A l’inverse, le trouble comportemental en sommeil paradoxal affecte principalement les sujets de plus de 50 ans. Il est souvent associé à la maladie de Parkinson ou certaines démences, qu’il précède ou accompagne et se caractérise par des gesticulations, des mouvements brusques des bras et des jambes, des rires, des paroles et des cris. Il a lieu principalement dans le lit de la personne, sans déambulation. Les patients décrivent le plus souvent ces comportements comme une tentative d’agir pendant leurs rêves ou leurs cauchemars.

Des signes similaires chez les deux groupes de patients

Bien que très diverses, ces deux pathologies ont déjà fait l’objet d’études antérieures décrivant de rares cas de patients âgés les présentant simultanément. Les chercheurs ont voulu approfondir la question: ils ont examiné 62 patients atteints de somnambulisme ou de terreurs nocturnes, 64 patients avec un trouble comportemental en sommeil paradoxal, 66 sujets sains âgés et 59 sujets sains jeunes.

Les participants devaient répondre à un questionnaire et ont bénéficié d’un examen de vidéo-polysomnographie qui consiste à enregistrer des données physiologiques (encéphalogramme, rythme cardiaque, activité des muscles au cours du sommeil), couplés à un enregistrement vidéo. Les résultats ont montré que des caractéristiques typiques du trouble comportemental en sommeil paradoxal, comme des rêves ou des cauchemars intenses et le fait de les « vivre » physiquement en gesticulant la nuit, sont aussi observées chez les patients somnambules.

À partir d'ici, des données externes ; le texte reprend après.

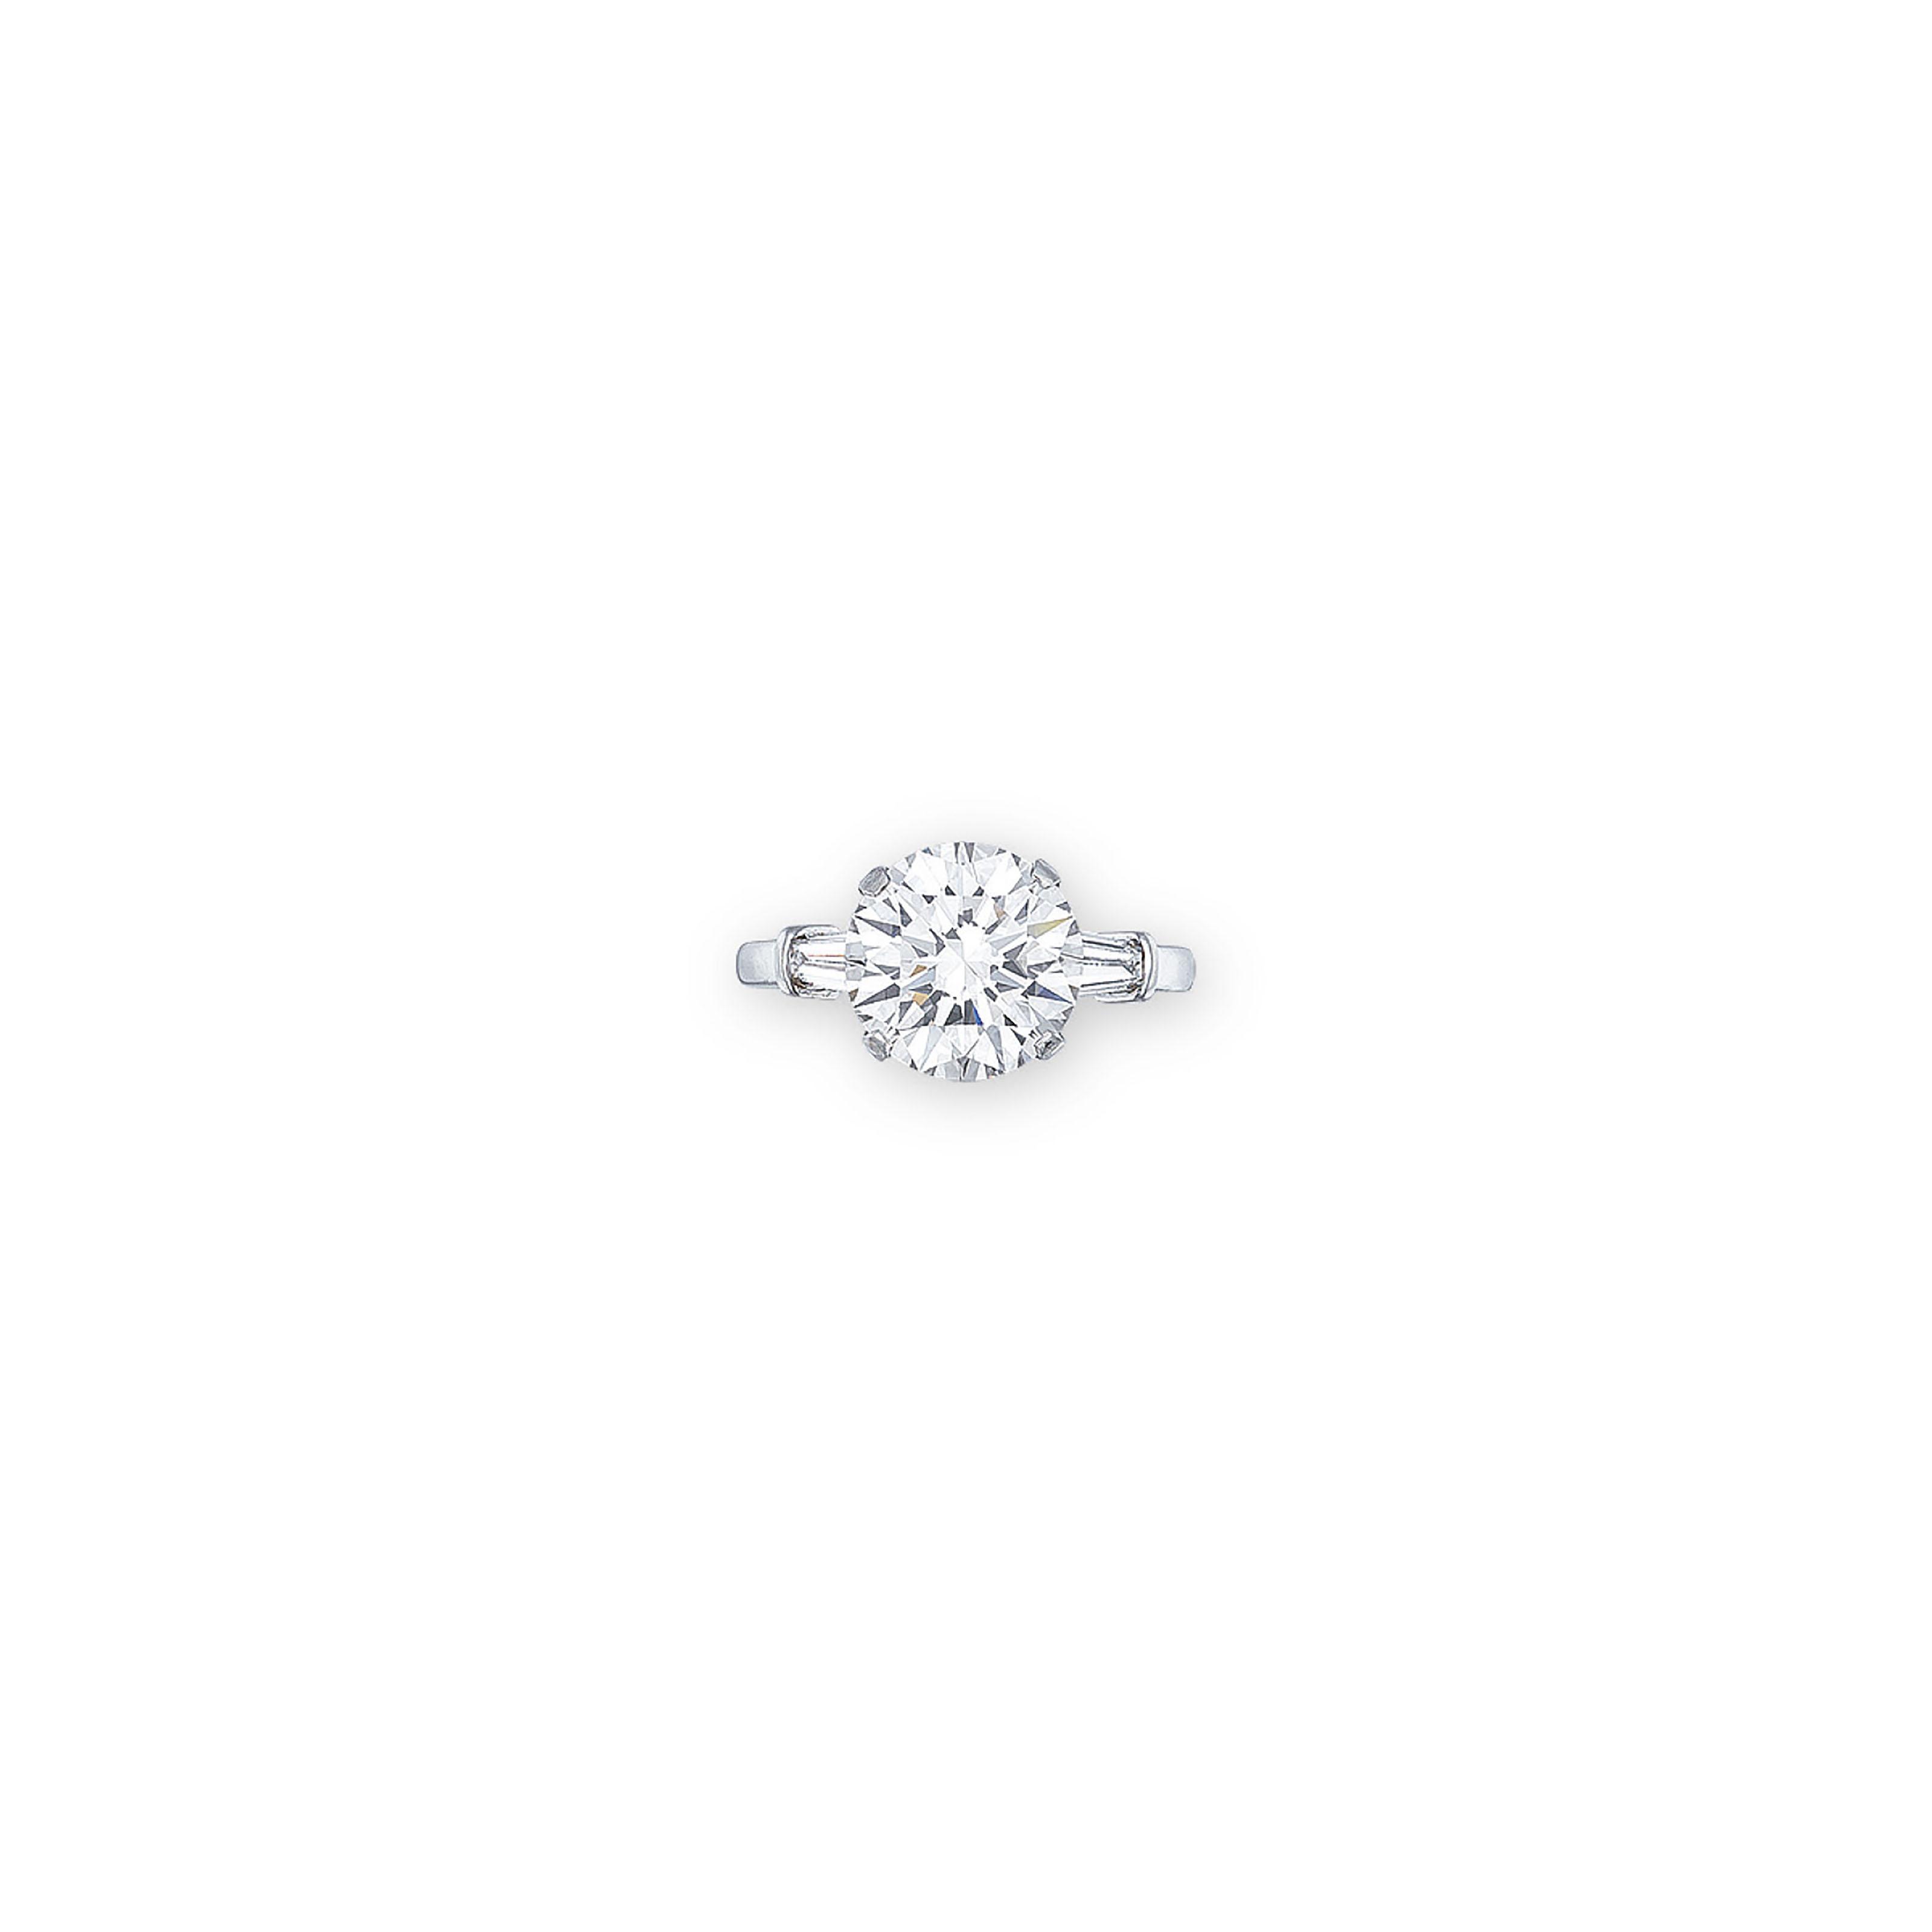 A DIAMOND RING, BY MIKIMOTO

Une découverte qui a son importance puisque selon les chercheurs, « elle a un impact sur la spécificité des questionnaires utilisés en épidémiologie en population générale pour dépister le trouble comportemental en sommeil paradoxal, avec un dépistage faussement positif. » De leur côté, les patients atteints de somnambulisme présentaient des symptômes jusqu’ici peu connus, en plus de leurs comportements en sommeil profond.

Mieux affiner le diagnostic

Ces derniers montraient en effet des secousses musculaires et des sursauts excessifs au cours d’une autre phase du sommeil, le sommeil paradoxal, sans avoir pour autant de comportement anormaux. Si pour les chercheurs l’origine de ces secousses reste à élucider, « elle pourrait correspondre à une activité de rêve plus importante en sommeil paradoxal chez les somnambules (d’où plus de secousses brèves) ou à un défaut d’inhibition motrice pendant l’ensemble du sommeil, lent et paradoxal. »

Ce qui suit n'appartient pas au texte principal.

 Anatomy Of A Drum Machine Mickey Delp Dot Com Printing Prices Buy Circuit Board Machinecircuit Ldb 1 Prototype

Ils précisent par ailleurs que les circuits en cause dans le somnambulisme doivent être précisés, tandis que ceux du trouble comportemental sont, eux, bien identifiés (une lésion dans une zone du cerveau). Il n’empêche que ces résultats sont utiles pour le diagnostic de ces patients: une personne qui se plaint de cauchemars ou de rêves agités n’a pas forcément un trouble comportemental en sommeil paradoxal ni un risque de développer une maladie de Parkinson.

Celle-ci peut en réalité tout simplement souffrir de terreurs nocturnes en sommeil lent profond. Pour l’établir avec précision, les chercheurs recommandent d’enregistrer le sommeil et le comportement des personnes qui crient, s’agitent et gesticulent pendant leur sommeil. Mais dans tous les cas, « le risque de blessure de soi ou des autres peut conduire à proposer un léger traitement pour réinstaurer une vraie détente musculaire pendant le sommeil. », concluent-ils.